Exercise directions
Repeat the following data exactly, omitting pictures.

Supplied material
= = = = =

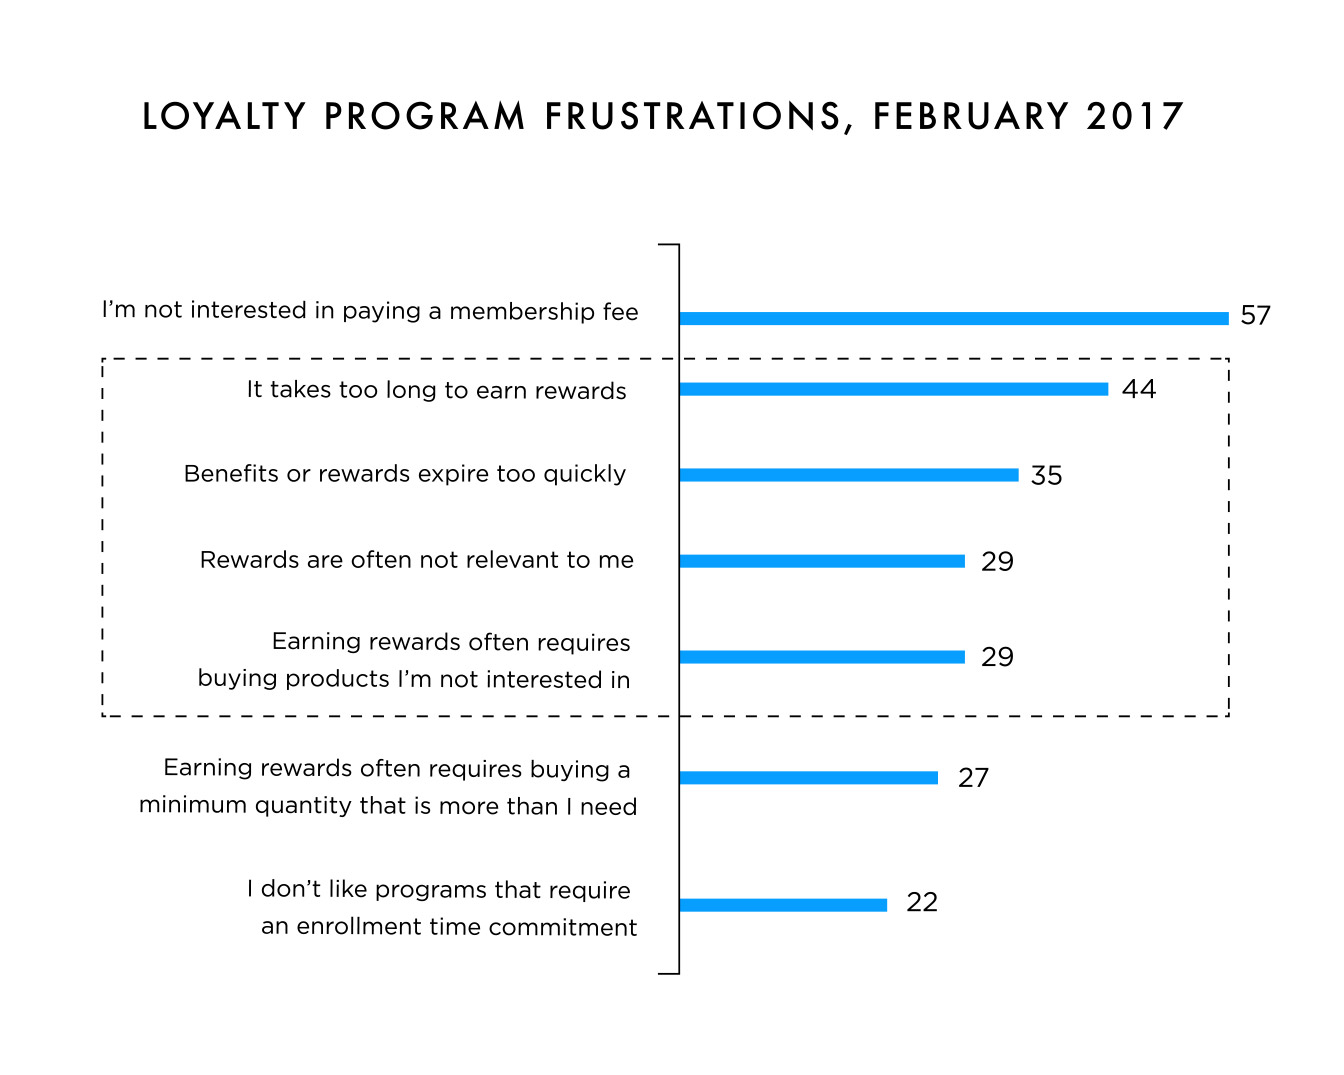 Loyalty program frustrations, February 2017
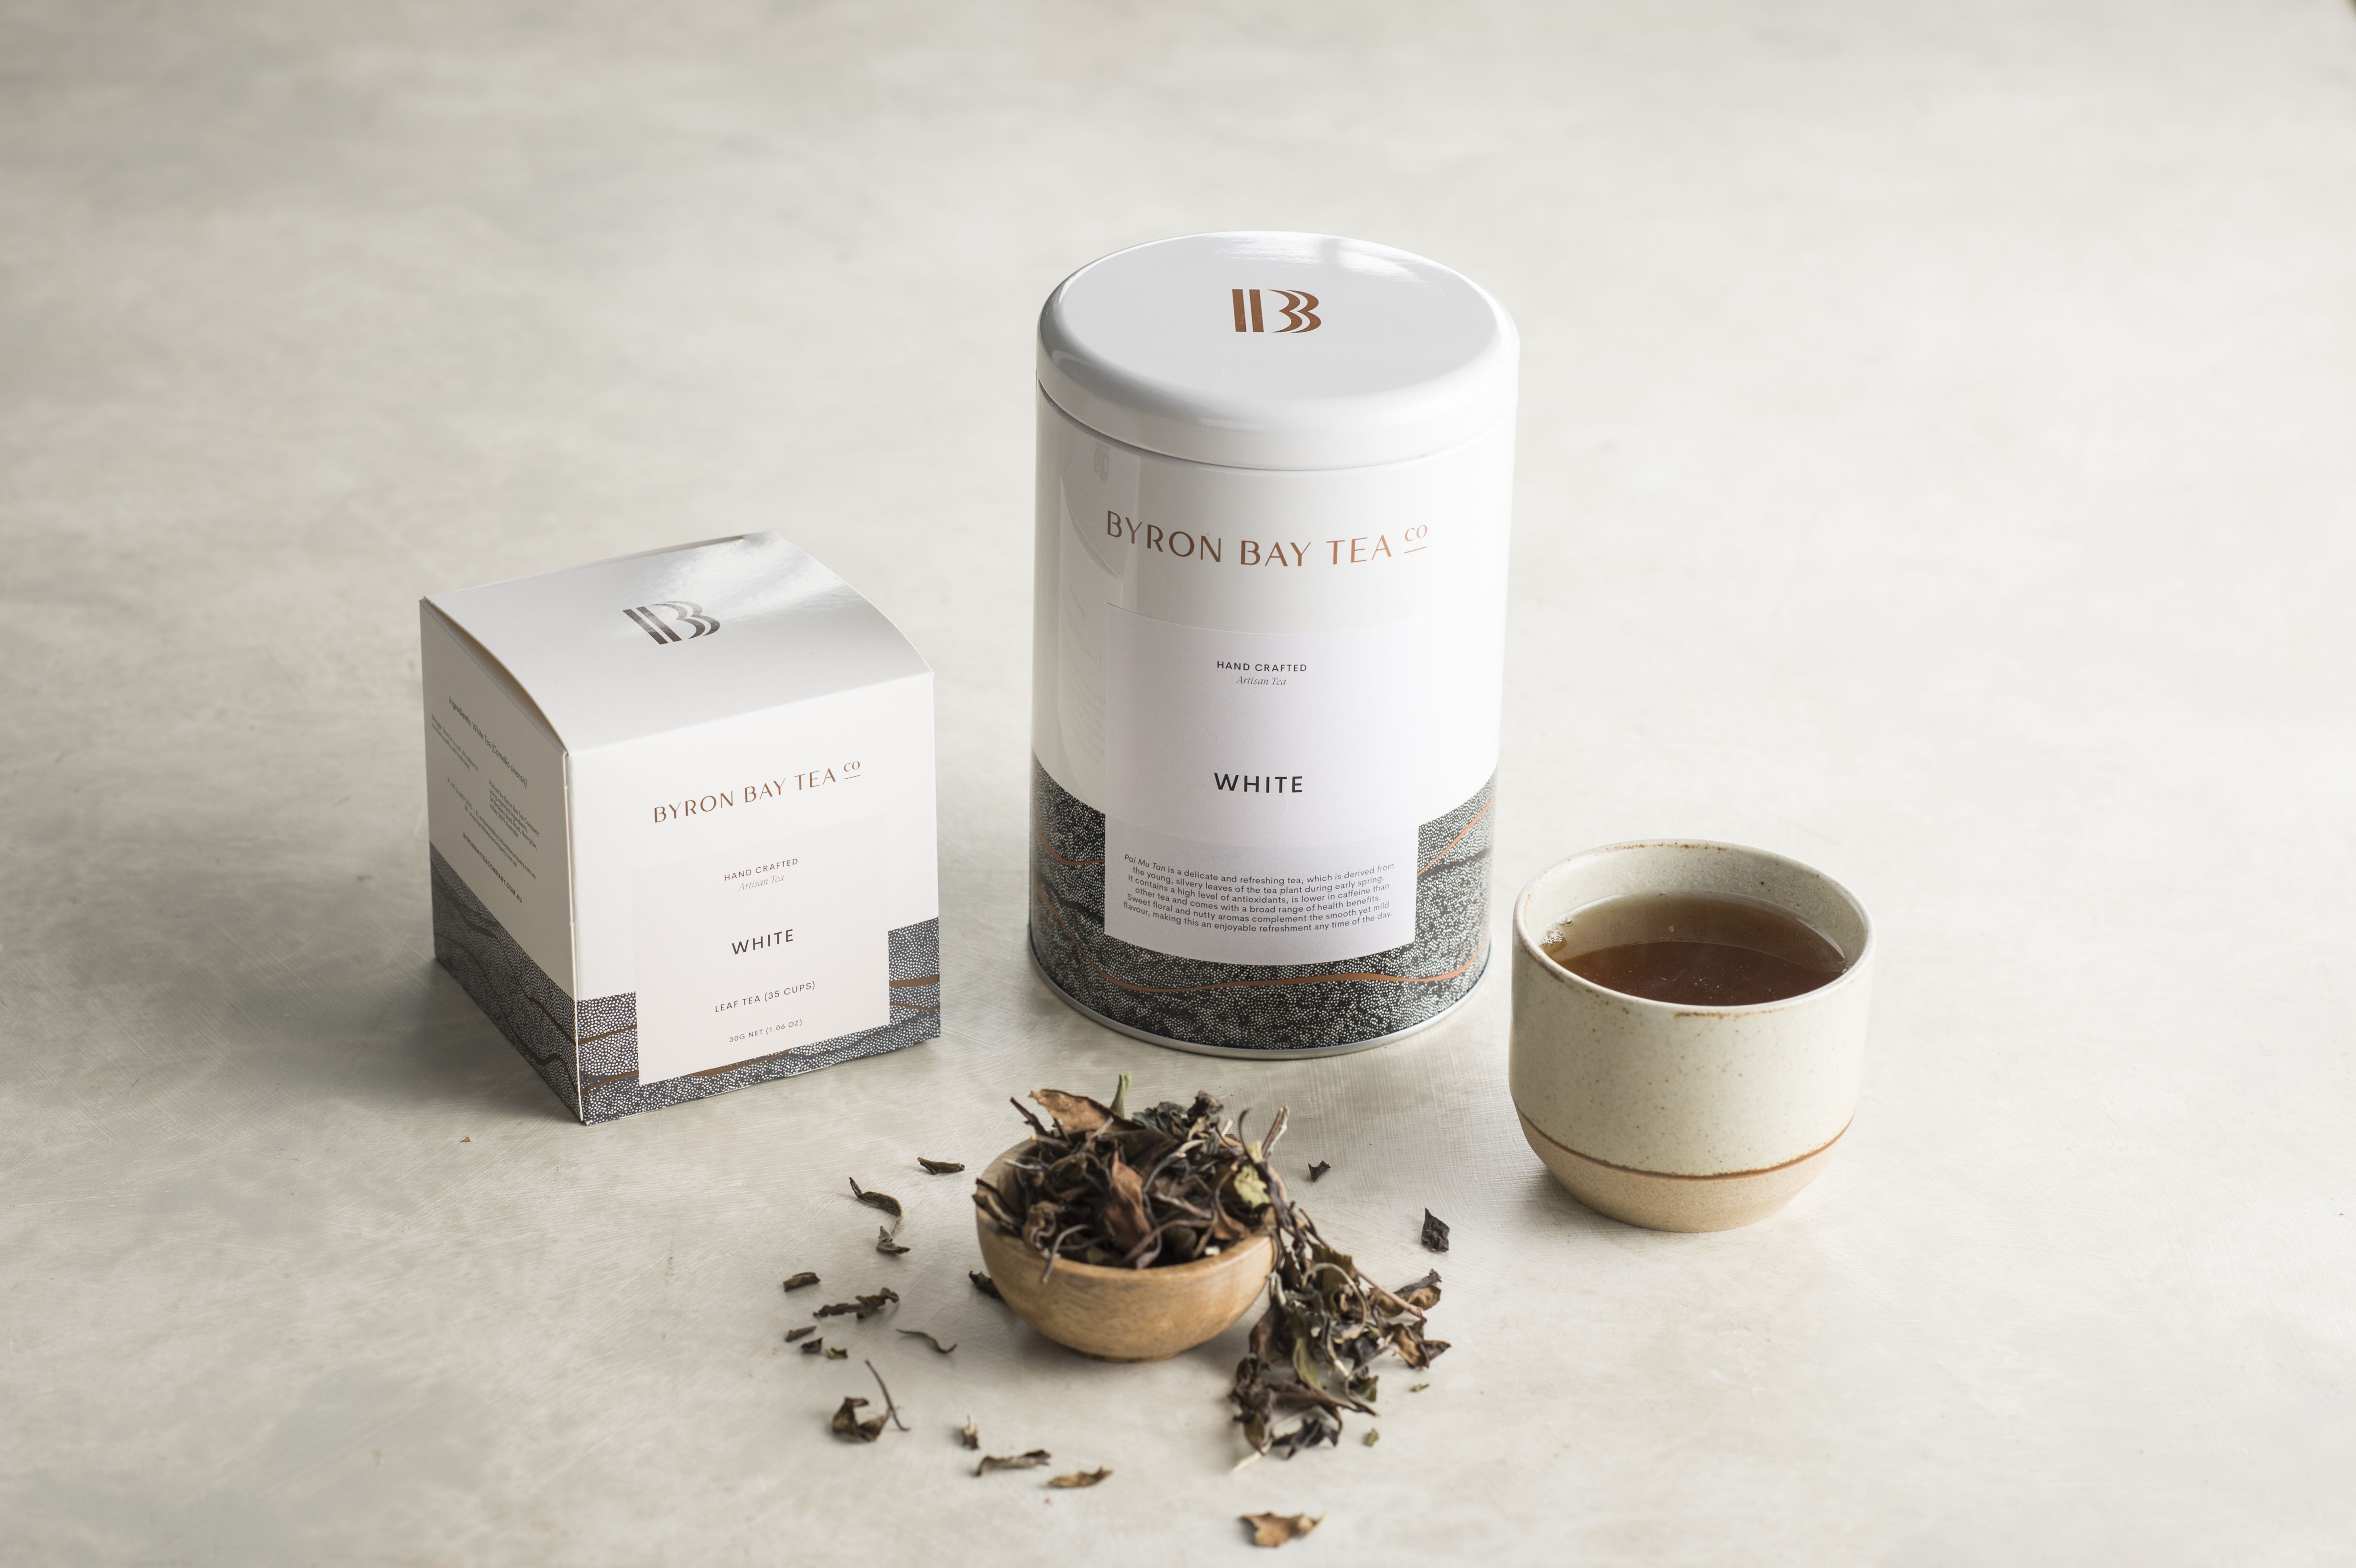 byron bay tea company white tea box and tin next to brewed cup of white tea on polished concrete
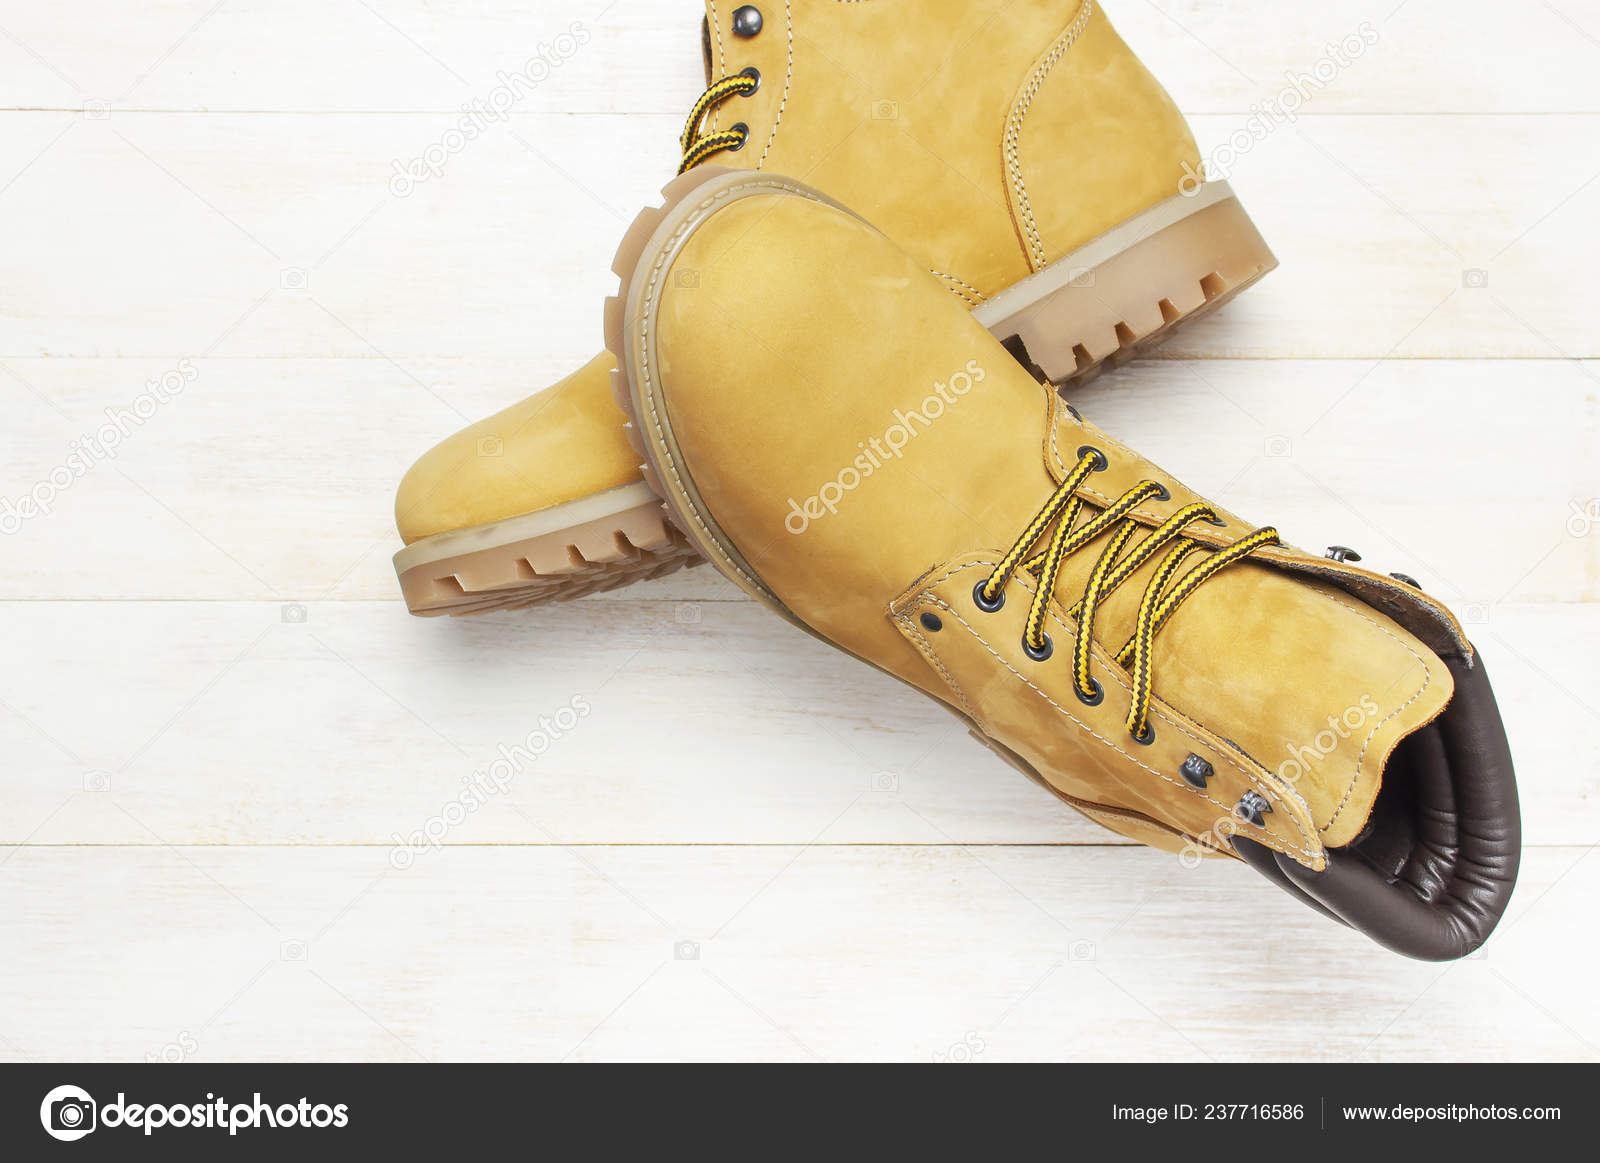 yellow flat boots

= = = = =

Answer box
 Loyalty program frustrations, February 2017
 byron bay tea company white tea box and tin next to brewed cup of white tea on polished concrete
 yellow flat boots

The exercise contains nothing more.